### Problem description
Would you print the material exactly, starting at its first line and ending at the line holding "Photo of 11137"?

### Supplied information
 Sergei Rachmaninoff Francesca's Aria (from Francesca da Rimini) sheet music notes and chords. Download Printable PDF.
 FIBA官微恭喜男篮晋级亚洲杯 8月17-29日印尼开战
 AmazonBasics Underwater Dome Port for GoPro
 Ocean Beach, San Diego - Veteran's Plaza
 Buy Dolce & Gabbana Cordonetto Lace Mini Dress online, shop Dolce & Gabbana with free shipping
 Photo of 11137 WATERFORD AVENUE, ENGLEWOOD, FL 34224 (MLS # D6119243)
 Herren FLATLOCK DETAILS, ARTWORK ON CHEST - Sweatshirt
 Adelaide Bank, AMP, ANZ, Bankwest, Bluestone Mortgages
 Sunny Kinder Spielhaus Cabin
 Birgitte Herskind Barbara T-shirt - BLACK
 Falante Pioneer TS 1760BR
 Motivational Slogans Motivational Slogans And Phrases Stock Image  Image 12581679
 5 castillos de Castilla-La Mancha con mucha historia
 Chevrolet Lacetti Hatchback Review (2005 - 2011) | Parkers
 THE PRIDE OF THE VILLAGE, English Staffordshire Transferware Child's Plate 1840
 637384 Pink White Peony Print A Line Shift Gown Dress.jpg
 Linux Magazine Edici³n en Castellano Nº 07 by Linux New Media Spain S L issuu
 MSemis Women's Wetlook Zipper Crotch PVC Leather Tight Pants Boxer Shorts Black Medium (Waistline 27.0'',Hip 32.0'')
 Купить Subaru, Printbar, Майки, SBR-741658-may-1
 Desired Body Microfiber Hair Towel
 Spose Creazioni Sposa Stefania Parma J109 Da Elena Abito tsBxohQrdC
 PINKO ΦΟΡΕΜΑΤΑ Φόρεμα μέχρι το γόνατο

### Exercise solution
 Sergei Rachmaninoff Francesca's Aria (from Francesca da Rimini) sheet music notes and chords. Download Printable PDF.
 FIBA官微恭喜男篮晋级亚洲杯 8月17-29日印尼开战
 AmazonBasics Underwater Dome Port for GoPro
 Ocean Beach, San Diego - Veteran's Plaza
 Buy Dolce & Gabbana Cordonetto Lace Mini Dress online, shop Dolce & Gabbana with free shipping
 Photo of 11137 WATERFORD AVENUE, ENGLEWOOD, FL 34224 (MLS # D6119243)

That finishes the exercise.